Threat model & preconditions
- Attacker position: any unprivileged local user using
rfork(RFPROC|RFTHREAD)to create peers sharing the fd table, then concurrently forking from one peer while another exits (or forks). - Privileges gained or impact: a lost increment drives
fdl_refcountbelow the true reference count; when a sharer exits andfdfree()seesfdl_refcount == 0, itkfreesfdtolwhile other peers still reference it β UAF (kernel memory corruption / controlled free of an attacker-influenced slab object). A lost decrement leaks the node. The unlocked list splice can additionally corrupt the circularfdllist, yielding memory corruption inclosef()/do_dup(). - Required config or capabilities: none; default kernel. Trigger is narrow (rfork fdshare + concurrent peer fork/exit) β AC:H.
- Reachability:
rfork(RFPROC|RFTHREAD)peers + concurrent fork/exit.
Proof of concept
PoC source: findings/poc/DF-0033/fdtol_race.c
Build & run (unprivileged, disposable VM)

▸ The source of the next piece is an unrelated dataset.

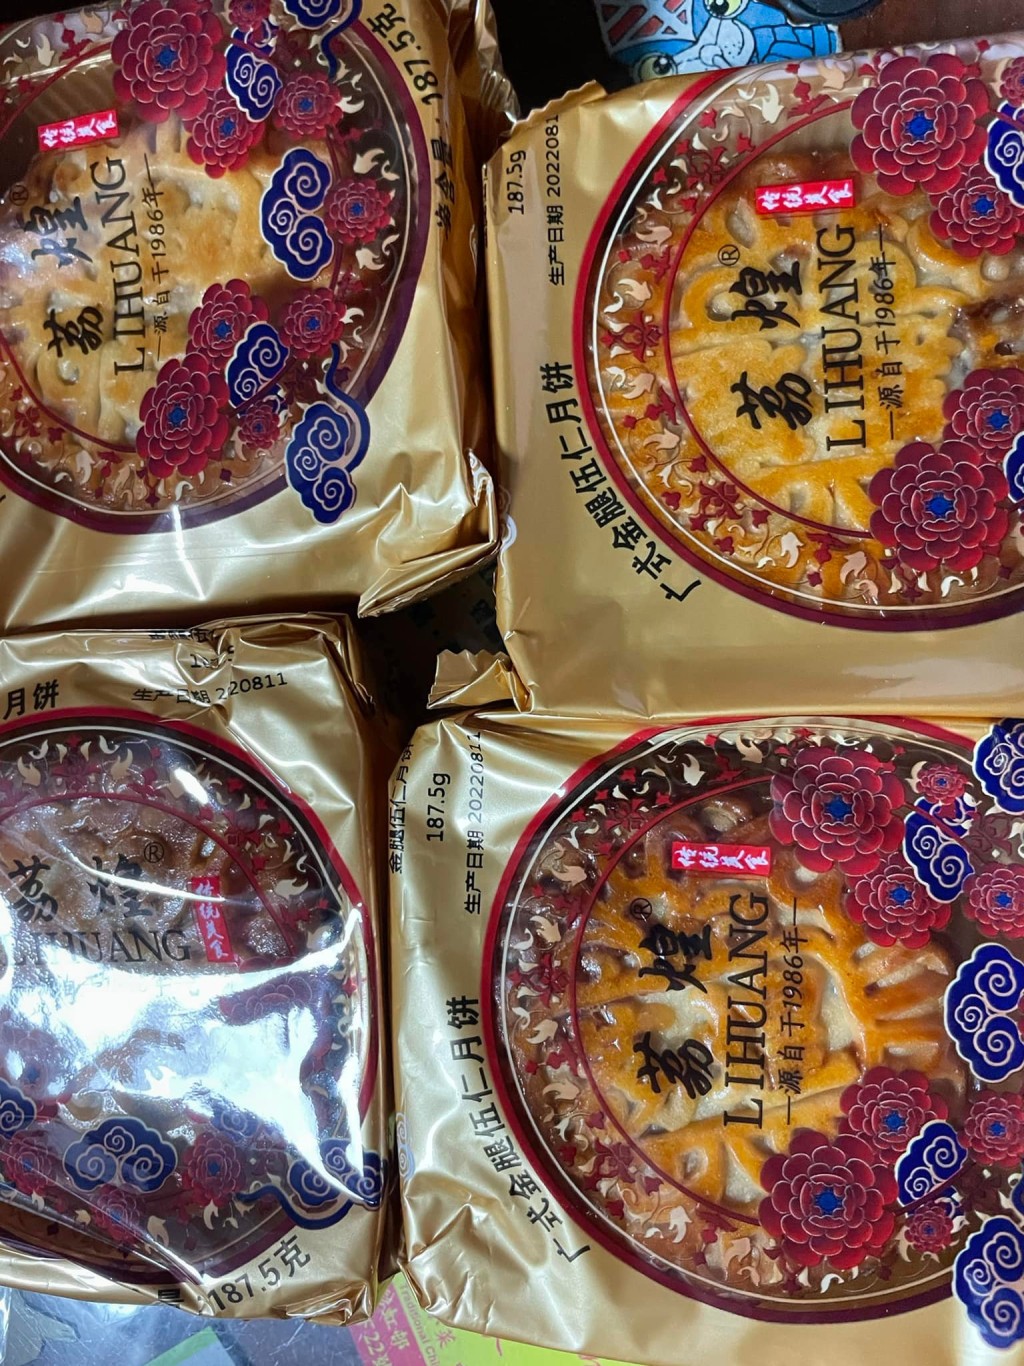 有港人分享老父從內地網購多達17公斤的月餅來港。「淘寶開心share」圖片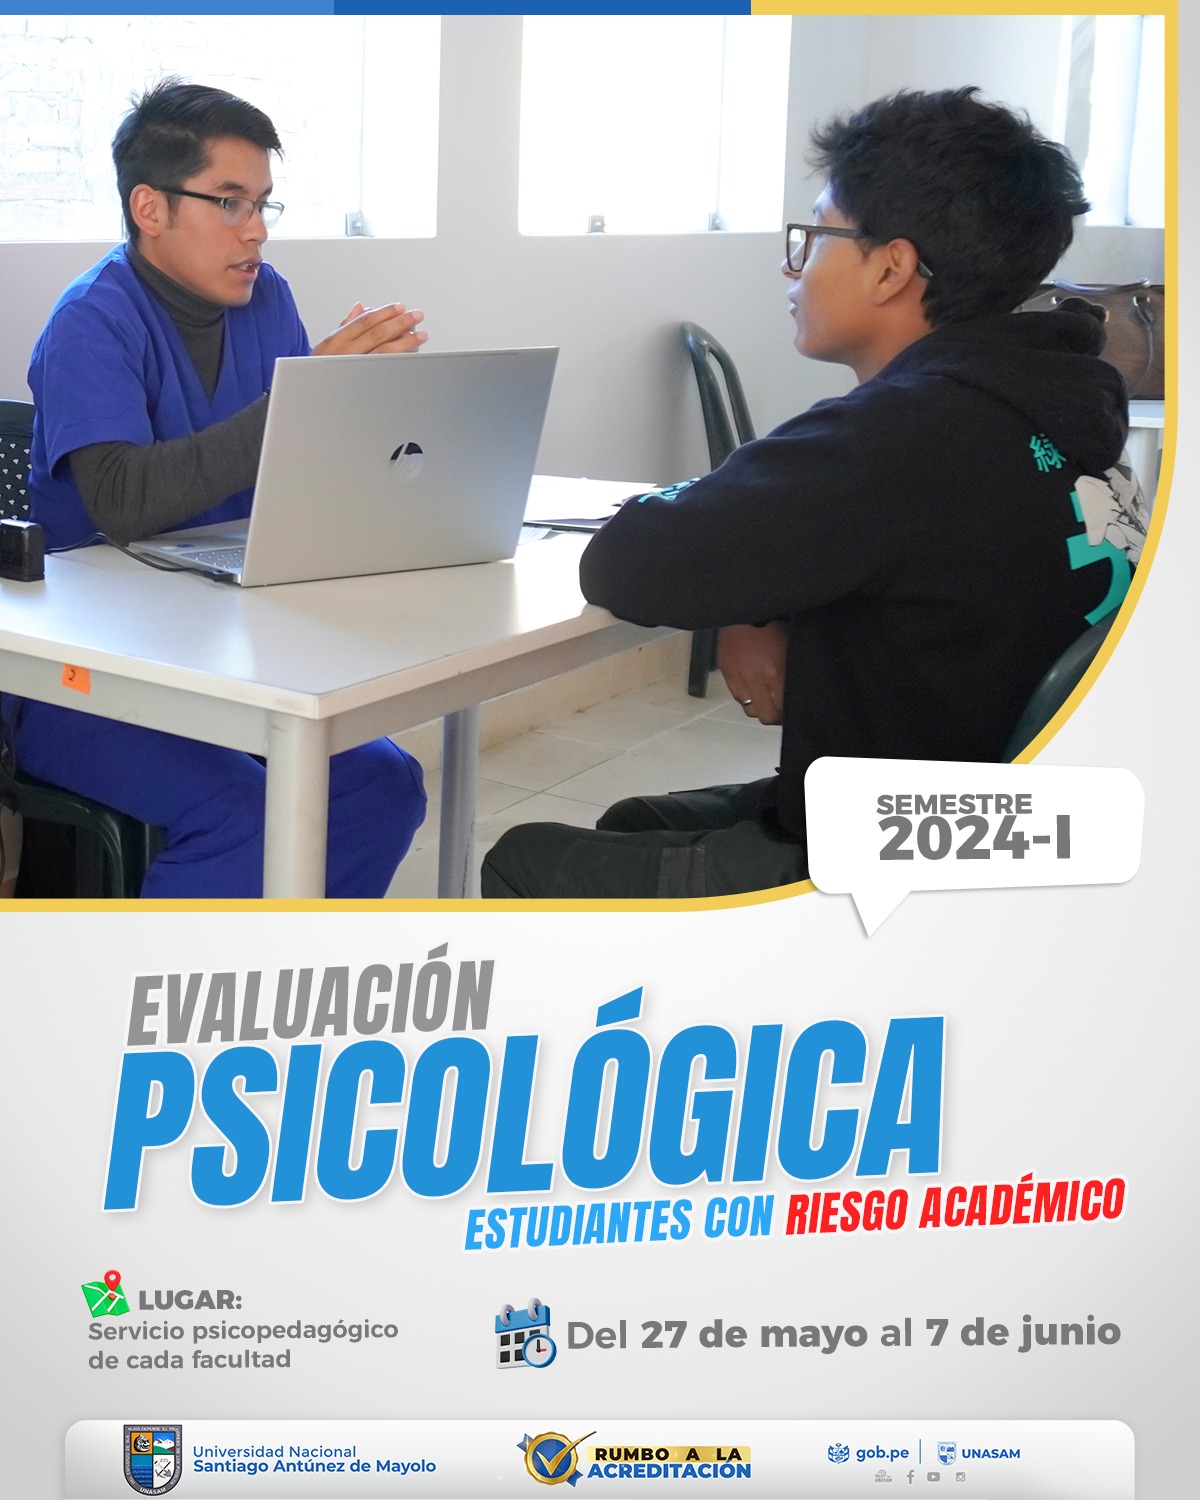  														EVALUACIÓN PSICOLÓGICA A ESTUDIANTES EN RIESGO ACADÉMICO 2024-I

cc -o fdtol_race findings/poc/DF-0033/fdtol_race.c ./fdtol_race
Expected output
Intermittent kernel memory corruption / panic in fdfree()'s fdl list walk
or the next fork's fdtol deref (UAF).
Impact
Refcount race β UAF reachable by an unprivileged user via rfork fdshare +
concurrent peer fork/exit. Medium (narrow race window, but UAF = potential
corruption/LPE).
Recommended fix
Pair the refcount mutation with the lock already used on the free side
(fd_spin), and lock the fdl list splice:
--- a/sys/kern/kern_fork.c
+++ b/sys/kern/kern_fork.c
@@ -568 +568,6 @@
fdtol = p1->p_fdtol;
- fdtol->fdl_refcount++;
+ /* fdl_refcount is mutated under the shared fd table's spinlock
+ * on the decrement side (fdfree), so match it here. */
+ spin_lock(&p1->p_fd->fd_spin);
+ fdtol->fdl_refcount++;
+ spin_unlock(&p1->p_fd->fd_spin);
Additionally, filedesc_to_leader_alloc() (kern_descrip.c:3346-3368) must
take fd_spin (or a dedicated fdtol lock) around the fdl_next/fdl_prev
splice. A more thorough fix converts fdl_refcount to an atomic/refcount_t
and adds a dedicated lock for the fdl list.
References
sys/kern/kern_fork.c:568-569βfdl_refcount++underp_token.sys/kern/kern_descrip.c:2675-2679β decrement underfd_spin.sys/kern/kern_descrip.c:3359-3362β unlocked list splice ("NOT MPSAFE").- CWE-362 Race Condition; CWE-416 Use After Free.
Timeline
- 2026-06-29 Discovered during automated file-by-file audit of
sys/kern/kern_fork.c. - pending Reported to DragonFlyBSD security contact.
PoC verification
Evidence pack
findings/poc/DF-0033 Β· 10 files| File | Type | Description | Size | |
|---|---|---|---|---|
| fdtol_race.c | trigger-source | controlled racer: bounded-concurrency rfork(RFPROC|RFTHREAD) peers + slab pressure to drive the fdl_refcount lost-update race and reclaim the freed slot | 4.2 KB | view raw |
| build.sh | build-script | cc -O2 -o fdtol_race fdtol_race.c | 190 B | view raw |
| run.sh | run-script | looped short bursts until panic or 12 rounds (race is intermittent) | 748 B | view raw |
| build.log | build-log | final successful build, full output | 68 B | view raw |
| run.log | run-log | sample 15s run (non-panic sample; panics land in panic.txt/boot.log) | 266 B | view raw |
| panic.txt | panic-signature | three distinct kernel panics from unprivileged maxx, incl. stack through filedesc_to_leader_alloc<-fork1<-sys_rfork | 4.5 KB | view raw |
| env.txt | environment | uname, cc version, sysctls, VM config | 689 B | view raw |
| VERDICT.md | verdict | full narrative: mechanism, evidence, exploit-chain characterization, fix rationale | 9.3 KB | β raw |
| fix.diff | suggested-fix | git-apply-able: take shared fd_spin around fdl_refcount++ and around filedesc_to_leader_alloc splice in fork1 fdshare branch | 1.0 KB | view raw |
| README.md | readme | human-facing build/run/expected + bug summary | 2.8 KB | β raw |
DF-0033 β PoC
fdtol_race.c β unsynchronized fdtol->fdl_refcount++ (under per-proc
p_token) racing fdl_refcount-- (under the shared fd_spin) in the
rfork(RFPROC|RFTHREAD) fdshare path β lost-update β premature kfree(fdtol)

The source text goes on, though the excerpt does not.